Our country has advocates of a free market solution. J.H. Huebert, wrote in 2007 that “Congress could end the shortage [of organs for transplant] right now by repealing the ban on organ sales. Until it does, it will have the blood on its hands of those 6,000 people who die each year.[12] See also https://www.forbes.com/sites/realspin/2012/12/12/to-save-lives-allow-individuals-to-sell-their-organs/#13b190ae5627
Count me among the Americans who believe we should embrace a free market for the sale of kidneys – as a test case. Safeguards could be built in to the system, which already has substantial constrictions based on health and safety. Ethical considerations have delayed an obvious solution for too long and to me are of little moment compared to substantially enhancing the lives of the 93,000 Americans currently awaiting a kidney transplant,[13] while the other 300,000,000 of us walk around with a kidney to spare.

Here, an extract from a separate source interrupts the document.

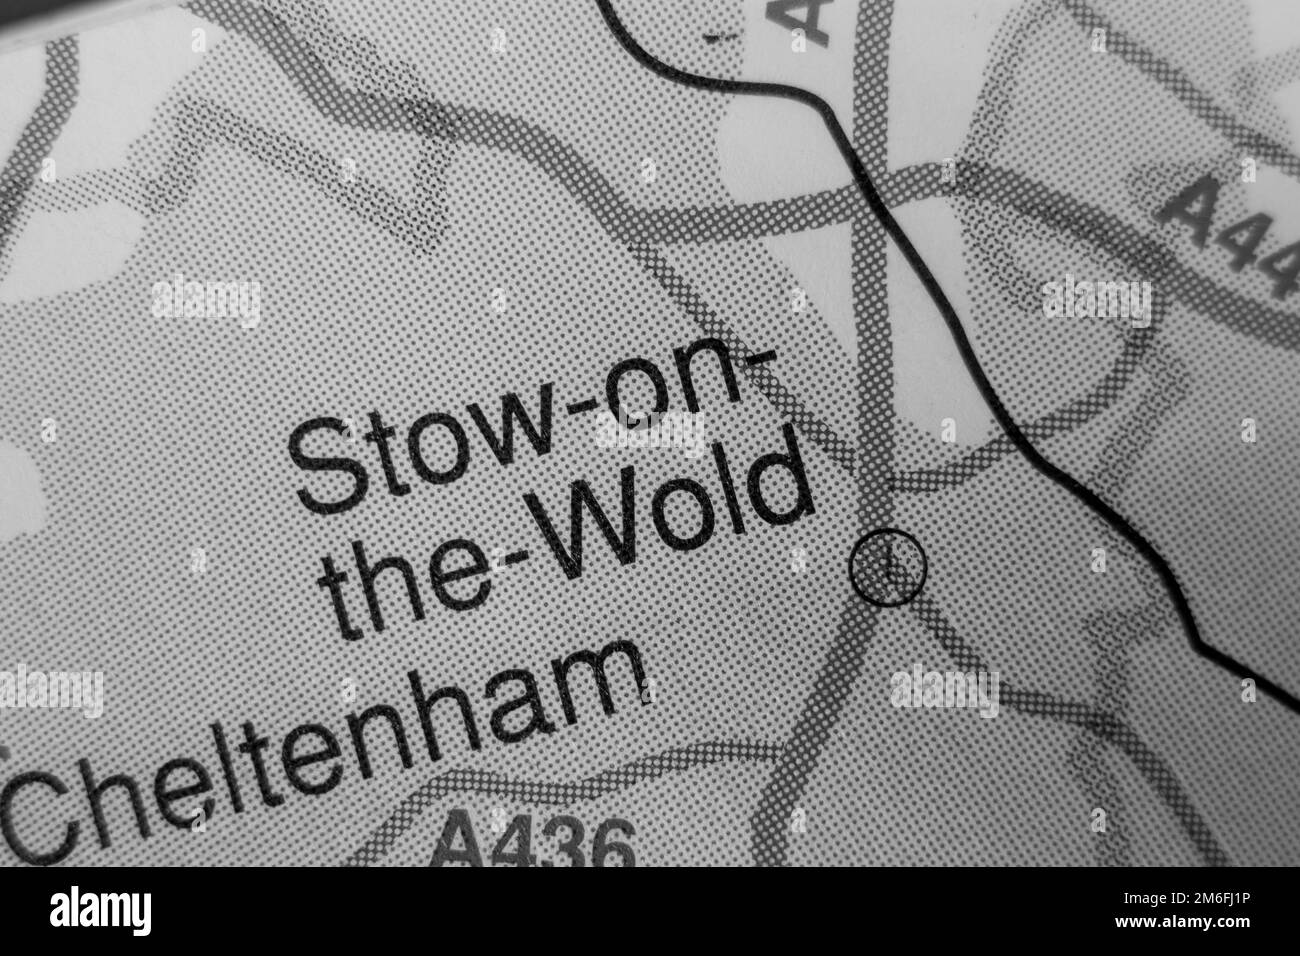 Stow-on-the-Wold, Royaume-Uni carte de l'atlas nom de ville - noir et blanc Banque D'Images

[1] The egomaniacal William Evelyn “Bill” McNeal, portrayed hilariously by Phil Harman on NewsRadio, once received a review that described him as “adequate.” For the rest of the episode, he raved about his adequatulance and his adequasivity. https://www.youtube.com/watch?v=WOxpuKXhlss
[2] https://en.wikipedia.org/wiki/National_Organ_Transplant_Act_of_1984
[3] Toledo Blade editorial on March 23, 1998, quoting an unnamed “assistant professor of surgery at Washington University School of Medicine.”
[4] Mark D. Somerson, Columbus Dispatch, October 18, 1998.
[5] A liver transplant cost $250,000 at the time according to a New York Times May 5, 1998 column.
[6] https://optn.transplant.hrsa.gov/
[7]https://www.hopkinsmedicine.org/news/media/releases/presumed_consent_not_answer_to_solving_organ_shortage_in_us_researchers_say.
[8] Dayton Daily News, May 24, 1999.
[9] Nicholas Kristof column in New York Times that I didn’t date. It was in a folder between articles dated May 24, 1999 and March 27, 2006.
[10] Forbes, March 27, 2006 column by Robert A. Montgomery, the Chief of Transplantation at Johns Hopkins University.
[11] Forbes, October 15, 2007. The transplant patient would also need roughly $5,000 of annual maintenance medicine.
[12] Columbus Dispatch, June 13, 2007.